What is being asked:
Reproduce the entries shown below only from the line with "mi PC salio" down to the line with "NAVIGATION ITALIE Parleme", keeping both end lines and copying each one exactly.

── Information given

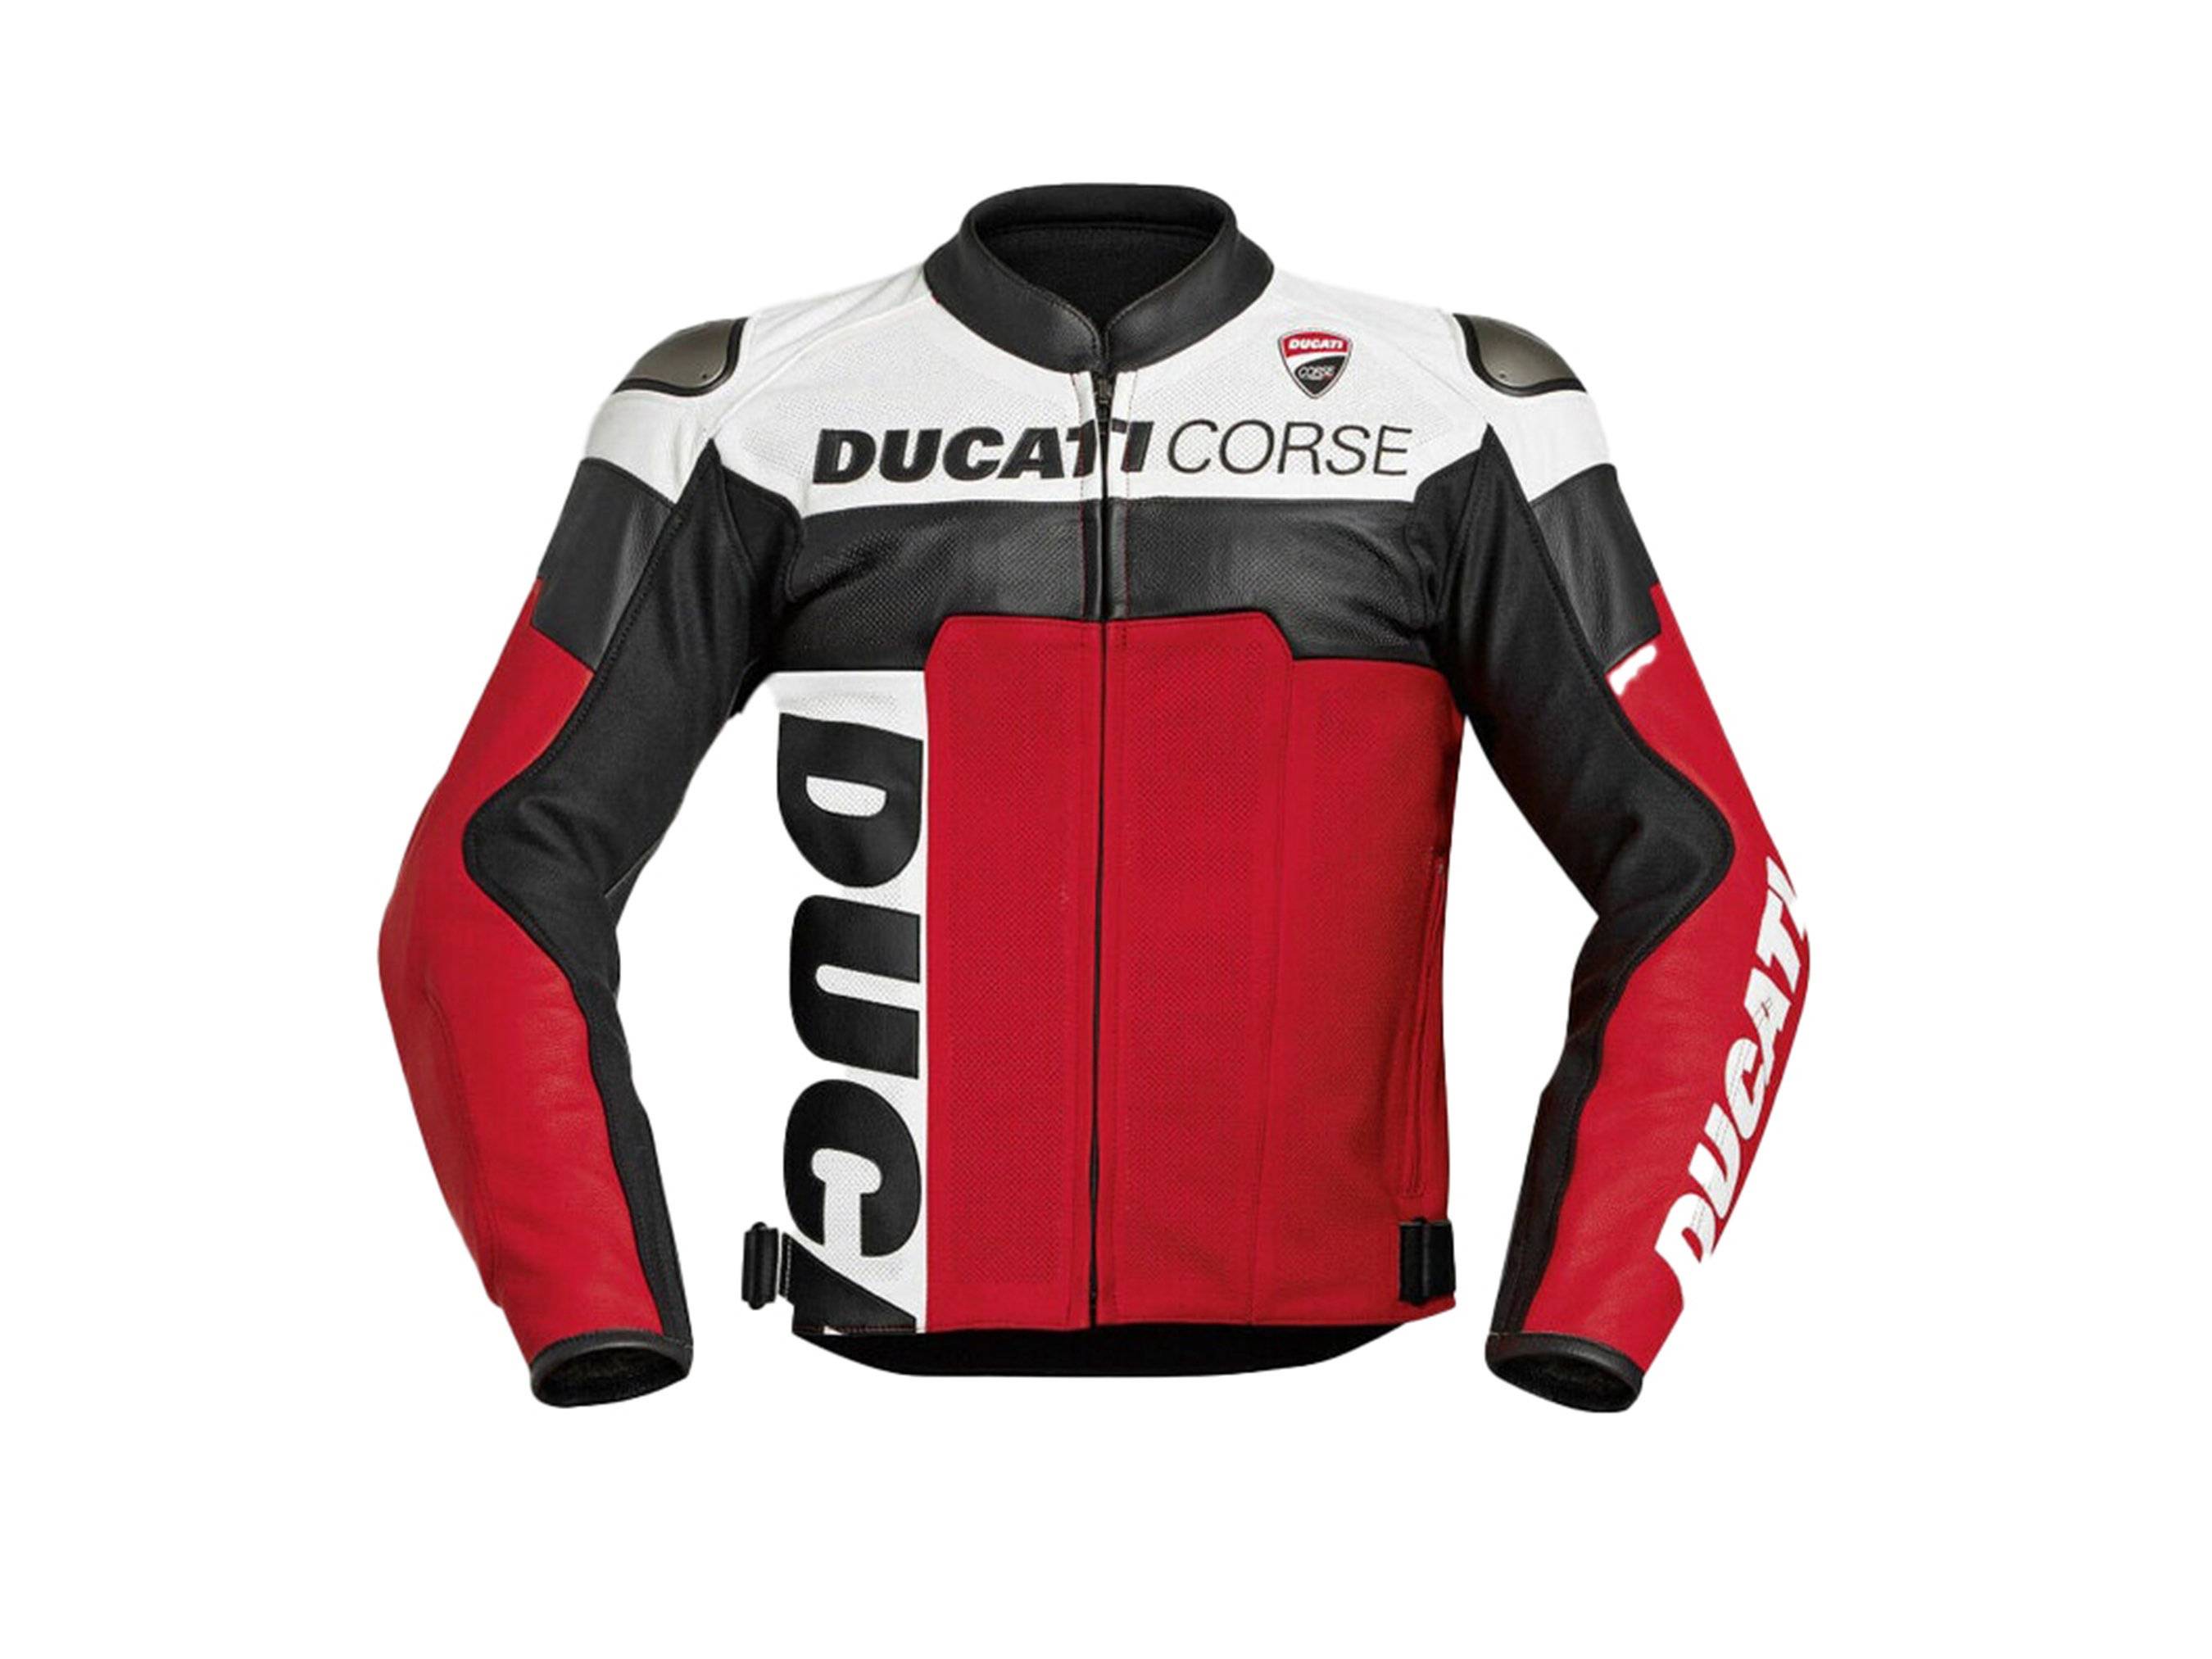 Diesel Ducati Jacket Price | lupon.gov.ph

────
── Information given

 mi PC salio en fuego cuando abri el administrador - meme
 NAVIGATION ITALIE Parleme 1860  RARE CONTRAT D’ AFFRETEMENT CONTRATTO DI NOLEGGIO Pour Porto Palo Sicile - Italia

────
── Information given

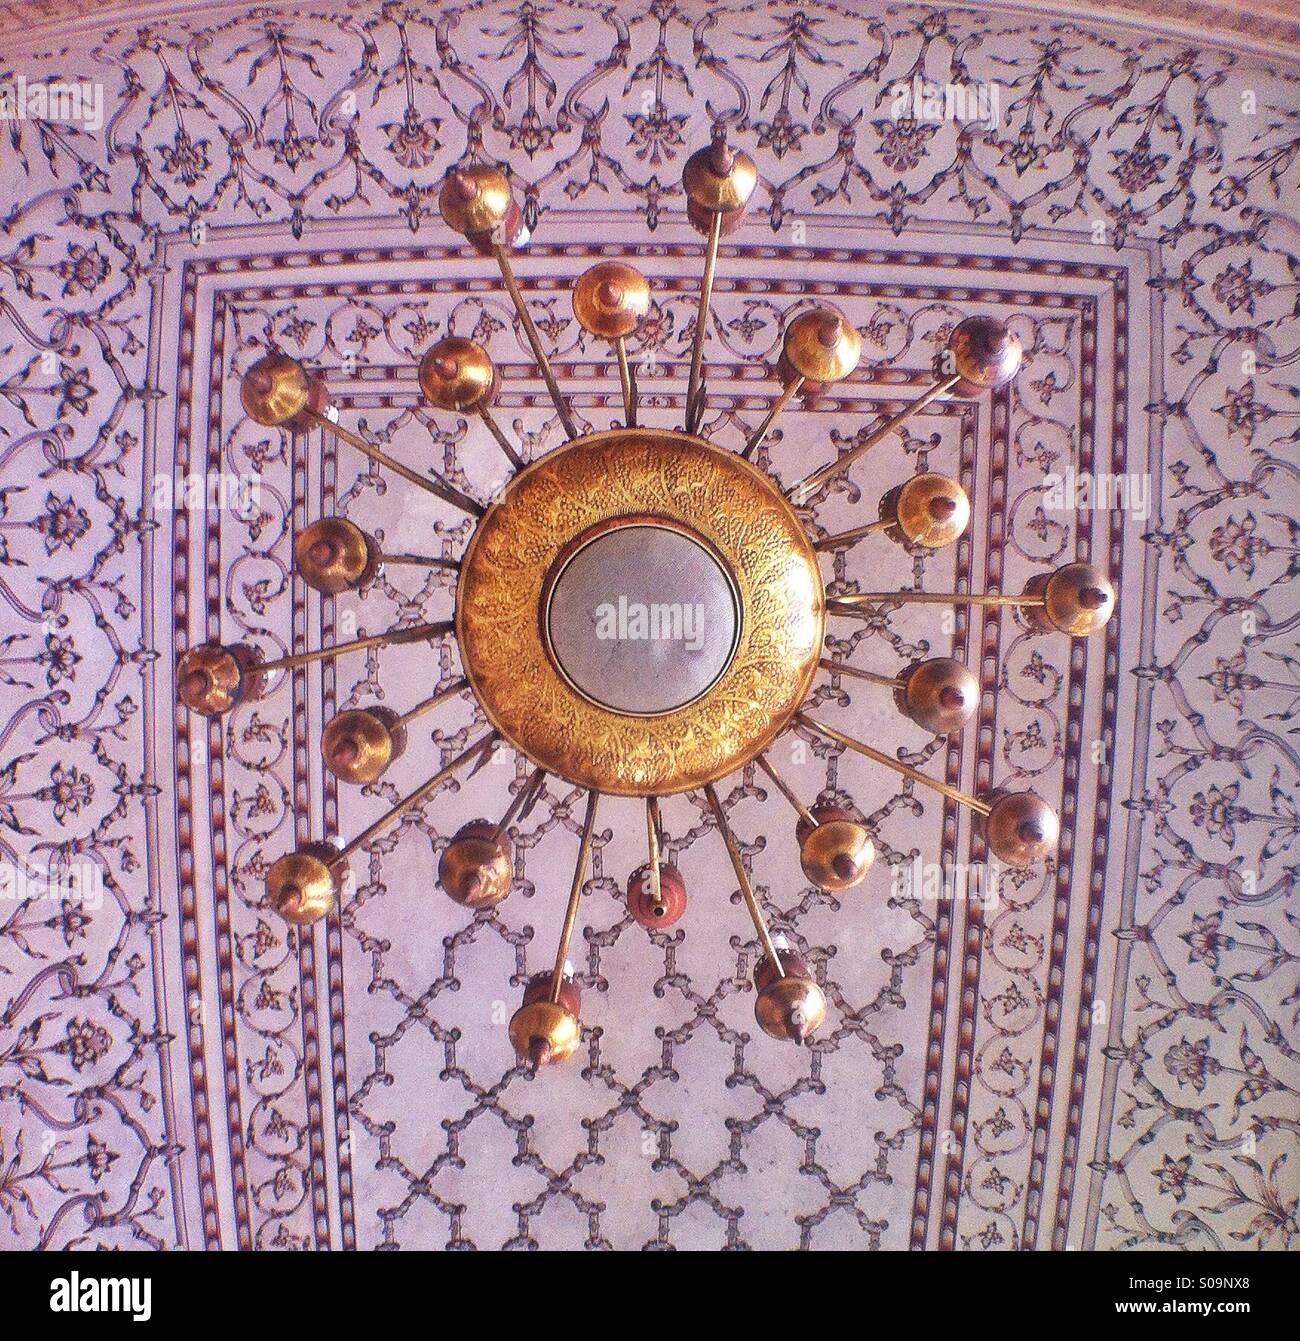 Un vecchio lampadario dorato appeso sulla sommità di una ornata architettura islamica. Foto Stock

────

Response to this exercise:
 mi PC salio en fuego cuando abri el administrador - meme
 NAVIGATION ITALIE Parleme 1860  RARE CONTRAT D’ AFFRETEMENT CONTRATTO DI NOLEGGIO Pour Porto Palo Sicile - Italia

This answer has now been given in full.